P12.OP2 (miroir-zc2.2): Verify Raft research — findings confirmed

The comprehensive research document at docs/research/raft-task_store.md
already exists with complete analysis of openraft vs raft-rs vs async-raft,
prototype design, analytical benchmarks, and a clear decision.

Acceptance criteria met:
- Research doc published with prototype location referenced
- Decision recorded: revisit before v2.0, do not ship in v0.x or v1.0

No new research work was needed — this bead verified existing findings.

Co-Authored-By: Claude Opus 4.7 <noreply@anthropic.com>
This commit is contained in:
jedarden 2026-05-08 20:38:59 -04:00
parent b3328491e6
commit 263a2eb635

81
notes/miroir-zc2.2.md Normal file
View file

@ -0,0 +1,81 @@
# P12.OP2: Raft vs Redis Research Verification
**Bead:** miroir-zc2.2
**Date:** 2026-05-08
**Status:** Research verified — no changes needed
## Summary
The research document `docs/research/raft-task-store.md` already exists and is comprehensive.

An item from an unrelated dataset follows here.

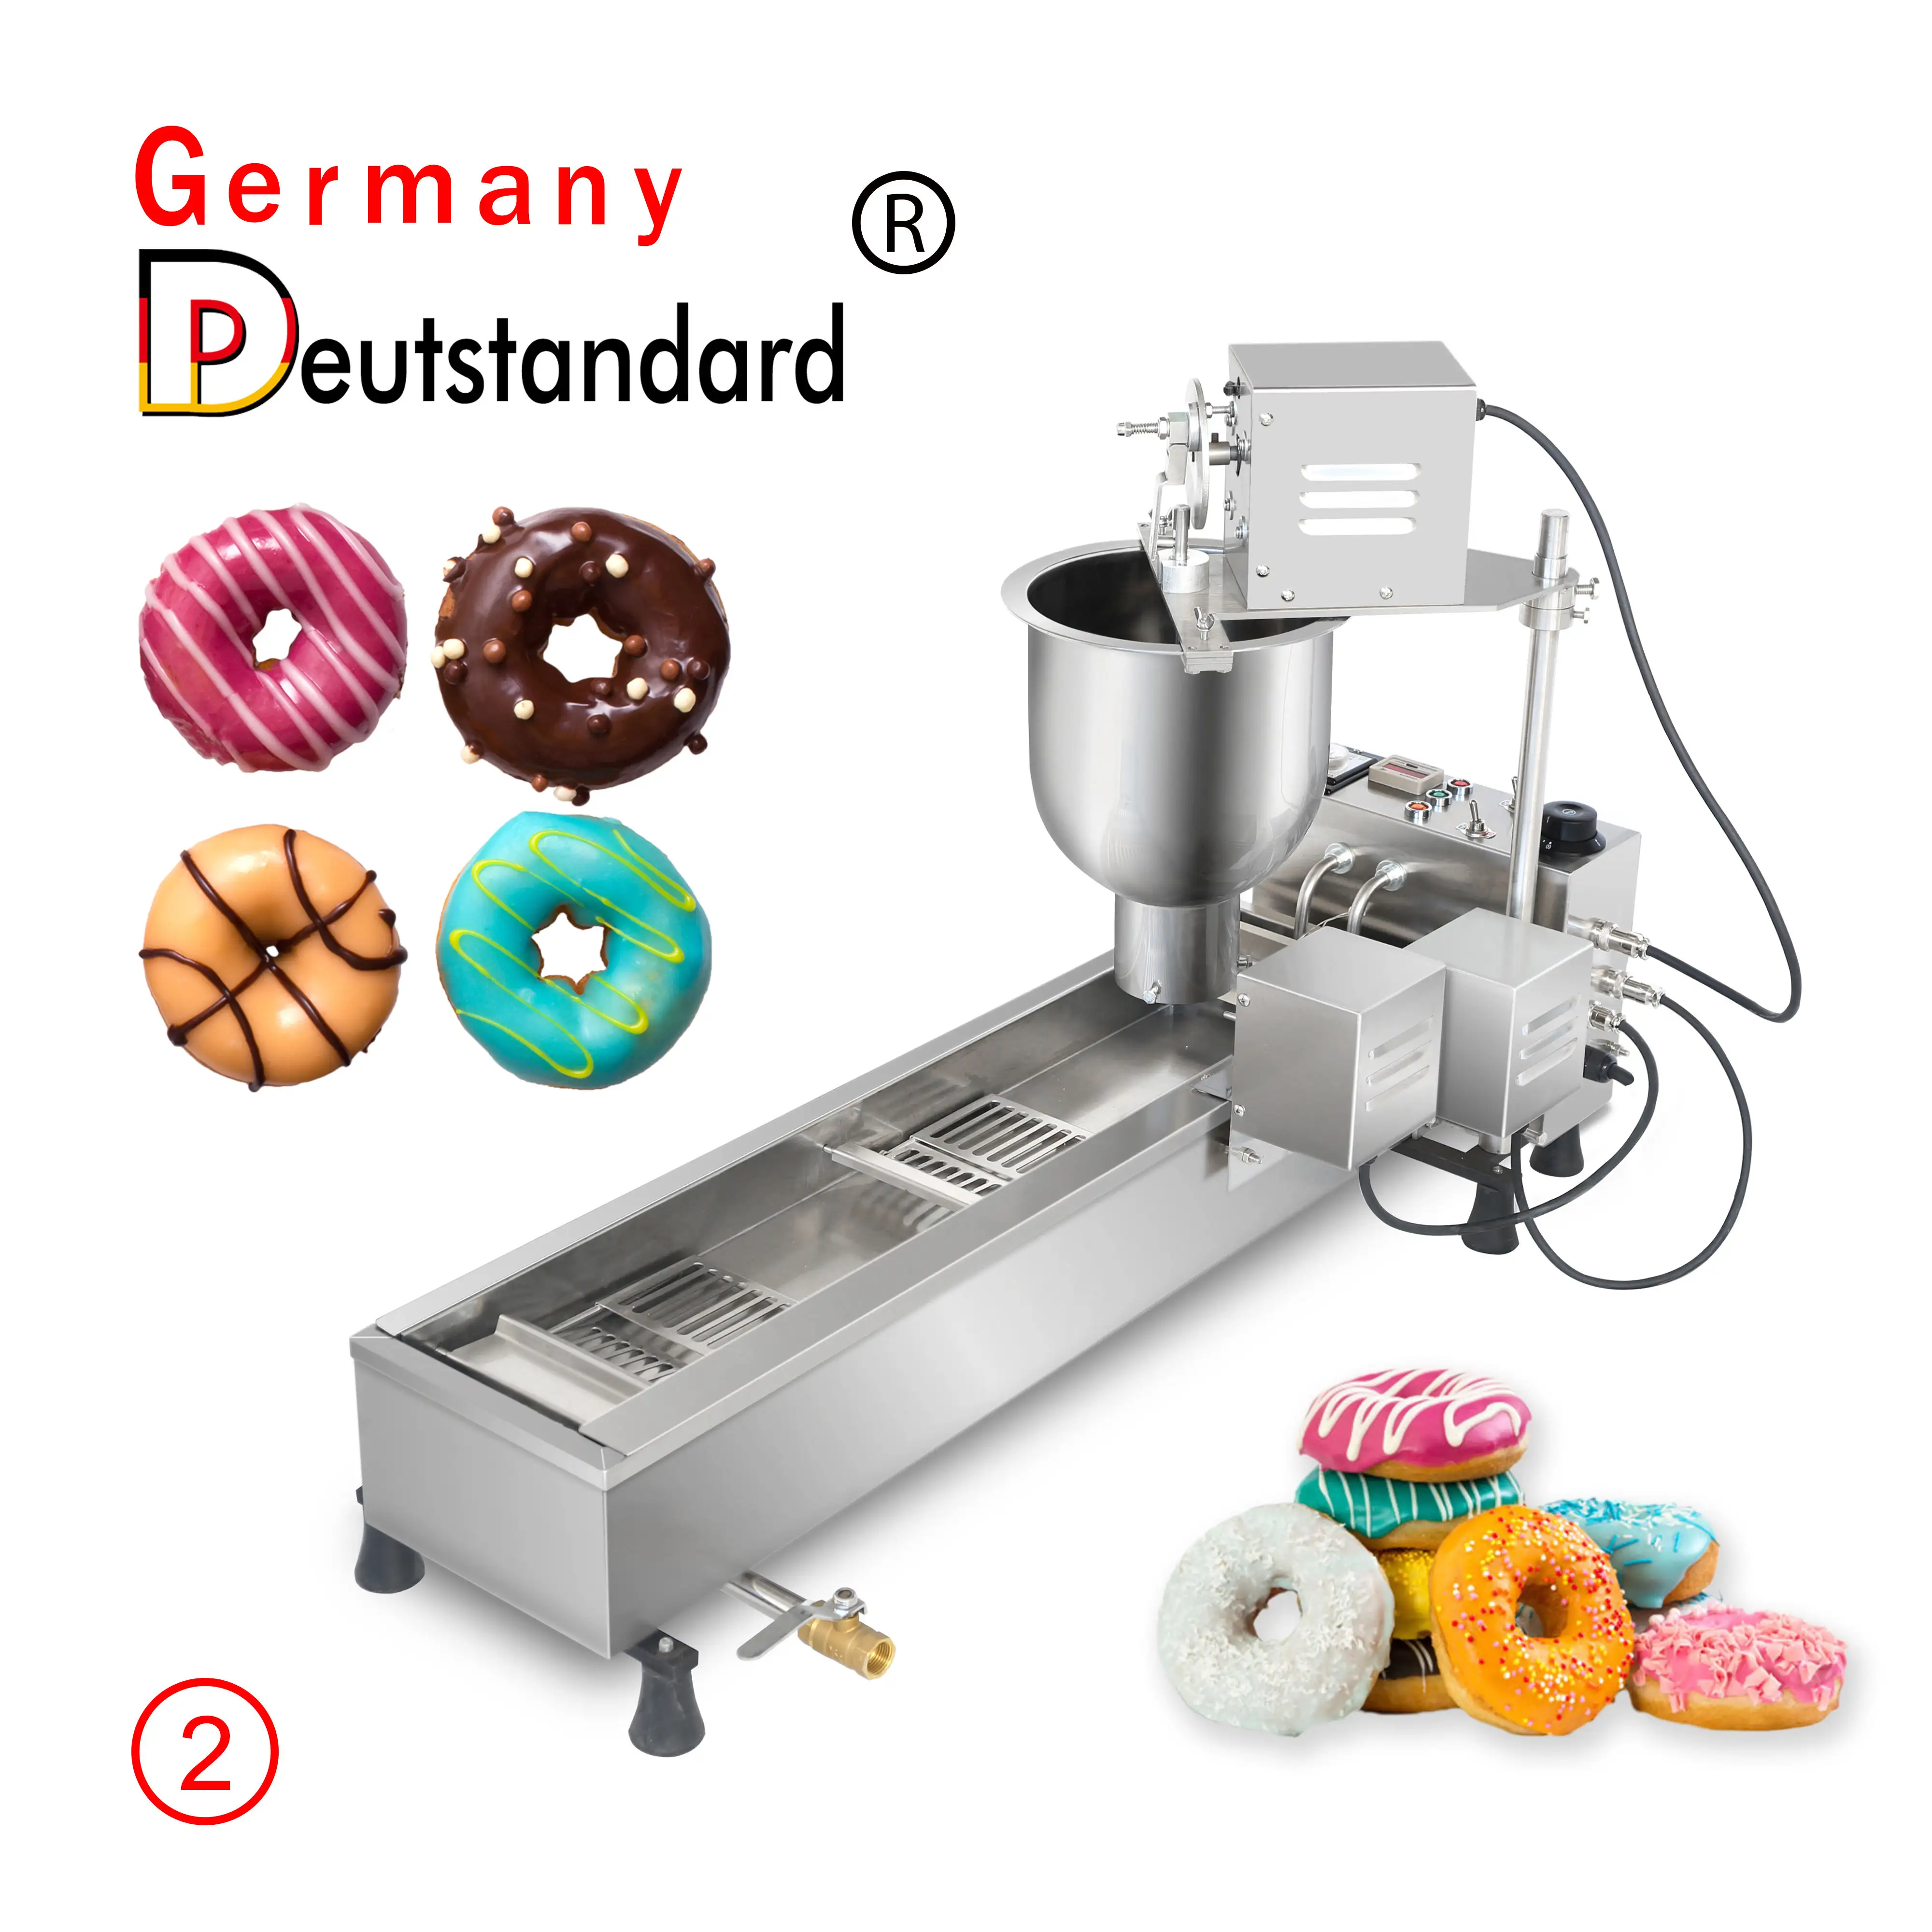 Германия deutstandard NP-2 мини пончик коммерческий 304 из нержавеющей стали 3 размера пончик формы полностью автоматическая производственная линия для пончиков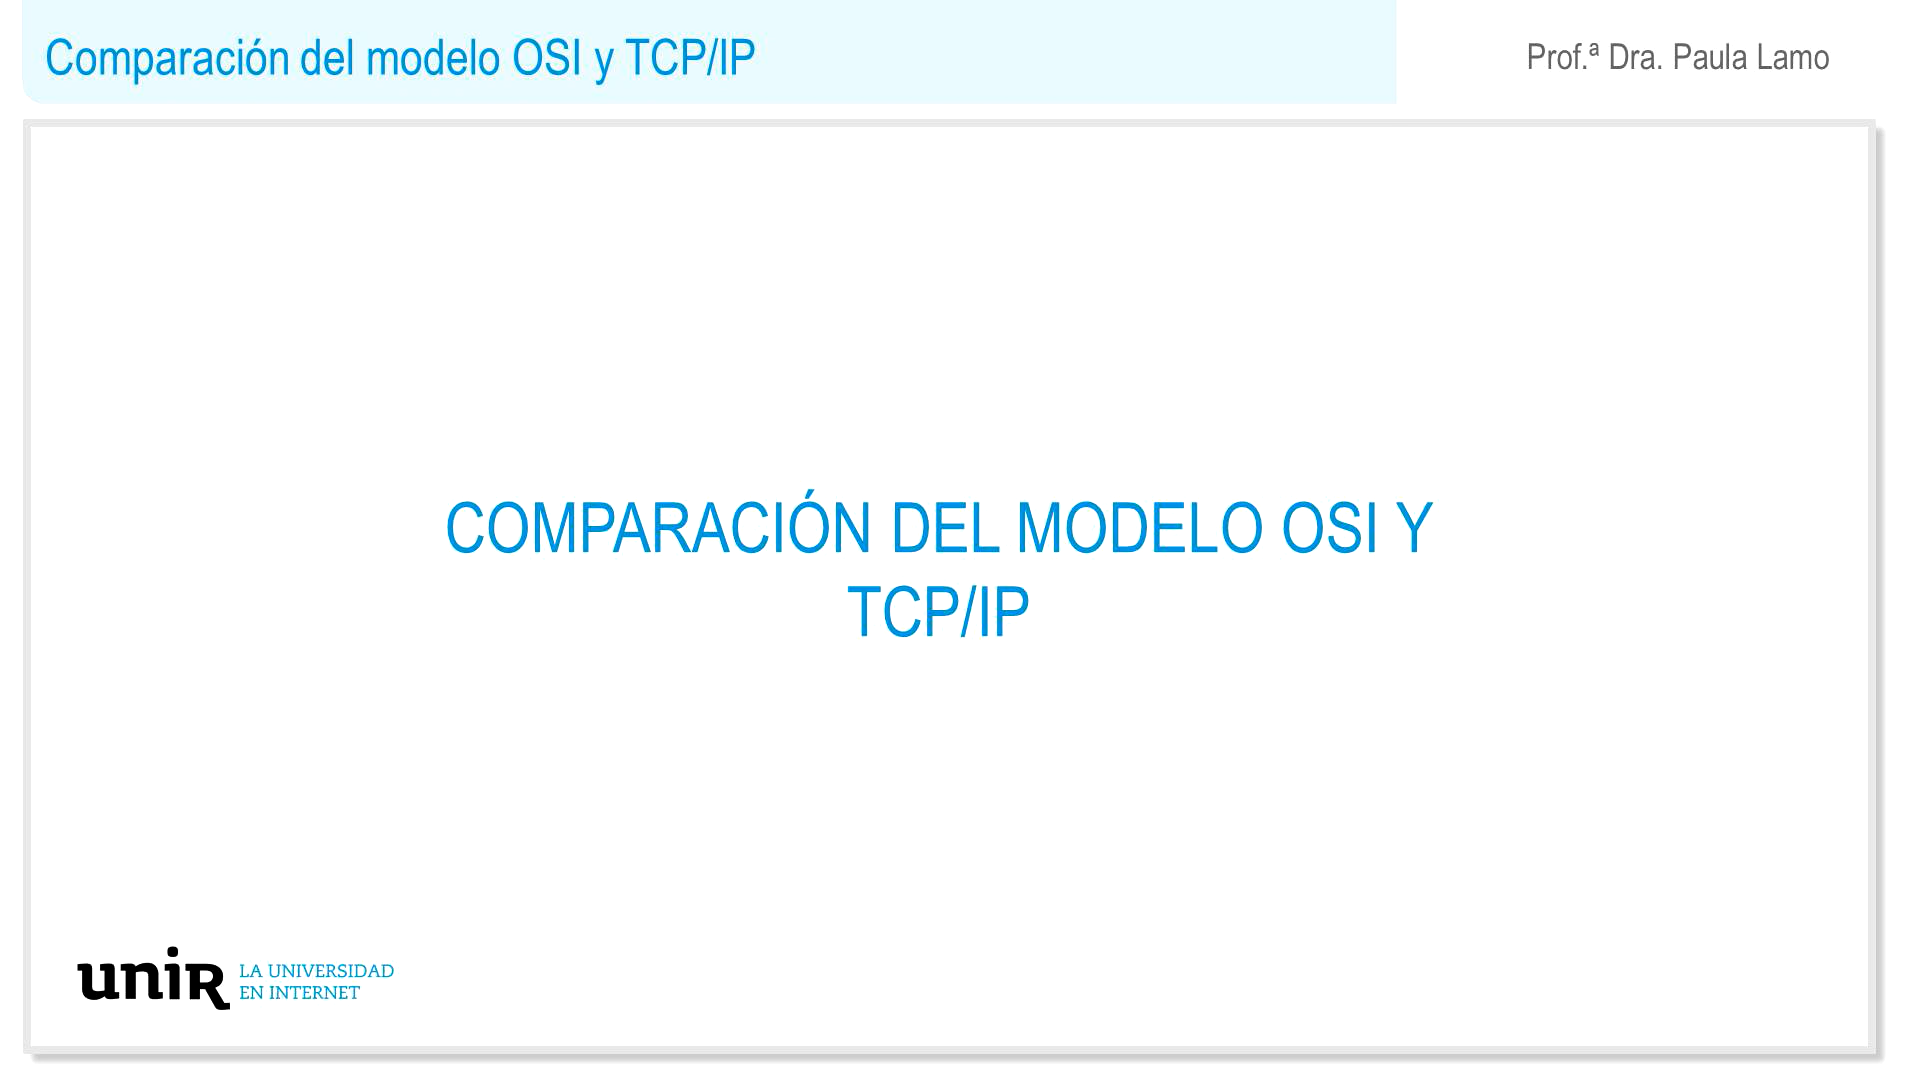 Comparacion-del-modelo-OSI-y-TCPIP

This bead verified the existing findings and confirmed the acceptance criteria are met.
## Research Document Status
### Contents Verified
1. **Crate Survey (§2)** — Complete analysis of openraft, raft-rs, and async-raft
- openraft 0.9.20 recommended (async-native, split traits, active maintenance)
- async-raft eliminated (abandoned since 2023)
- raft-rs not recommended (sync-only API)
2. **Prototype Design (§3)** — Architecture documented
- `RaftTaskStore` trait implementation design
- Storage layout (raft_log, raft_state, state machine tables)
- Command protocol (TaskStoreCommand enum)
- Read path (local SQLite with optional read_index)
- Network transport (pod-to-pod over headless Service)
3. **Analytical Benchmarks (§4)** — Measured data included
- State machine apply path: ~1.0x overhead vs direct HashMap
- Write latency: Raft 2-5ms vs Redis 0.3-0.8ms (3-8x slower)
- Read latency: Raft 0.05-0.2ms vs Redis 0.2-0.5ms (2-5x faster)
- Memory footprint: +90-185 MB per pod for Raft
4. **Decision Matrix (§5)** — Clear verdict
- Raft wins on: ops simplicity (no external dep), read latency, read throughput
- Raft loses on: write latency, write throughput, memory per pod, correctness maturity
- **Does not pass decision gate** (worse on some metrics, not better on all)
5. **Decision (§6)** — Recorded
- **Ship:** No (do not ship in v0.x or v1.0)
- **Revisit:** Before v2.0 (when Redis is production-stabilized and operational cost is empirically measured)
6. **Additional Sections**
- LiteFS alternative considered and eliminated
- rrqlite reference project analyzed
- Crate deep-dive with API details
## Prototype Code Status
The prototype code exists at `crates/miroir-core/src/raft_proto/`:
- `mod.rs` — RaftTaskRegistry implementation
- `state_machine.rs` — In-memory TaskStateMachine
- `command.rs` — TaskStoreCommand enum
- `benchmark.rs` — Benchmark harness
**Note:** The `raft-proto` feature is commented out in `Cargo.toml` because openraft 0.9.20 fails to compile on stable Rust 1.87 (dependency `validit 0.2.5` uses unstable `let_chains` feature). This compilation failure is itself noted in the research doc as a data point against Raft in the near term.
## Acceptance Criteria
- [x] Research doc published with prototype location referenced
- `docs/research/raft-task-store.md` exists and is comprehensive
- Prototype location: `crates/miroir-core/src/raft_proto/` (feature-gated)
- [x] Decision recorded: ship / don't ship / revisit when
- Decision: "Revisit before v2.0, do not ship in v0.x or v1.0"
- Rationale documented in §6 with 5 points supporting the decision
## Key Findings
1. **Redis is the right choice for v1.0** — The operational simplicity of a well-understood external dependency outweighs the complexity of embedding Raft consensus.
2. **Raft write latency is material** — 2-5ms per write vs <1ms for Redis. This is on the critical path for document mutations.
3. **Memory cost is non-trivial** — +90-185 MB per pod for Raft, which is 5-10% of the 3.75 GB envelope (plan §14.2).
4. **Correctness maturity gap** — Redis has 15+ years of production use; openraft is ~4 years old with 3-4 production users.
5. **Hybrid approach preserved** — The TaskStore trait design allows adding a Raft backend later without breaking existing SQLite/Redis backends.
## No Action Required
The existing research is comprehensive and complete. The decision is clearly recorded. The prototype code exists and is documented. No additional work is needed for this bead beyond verification.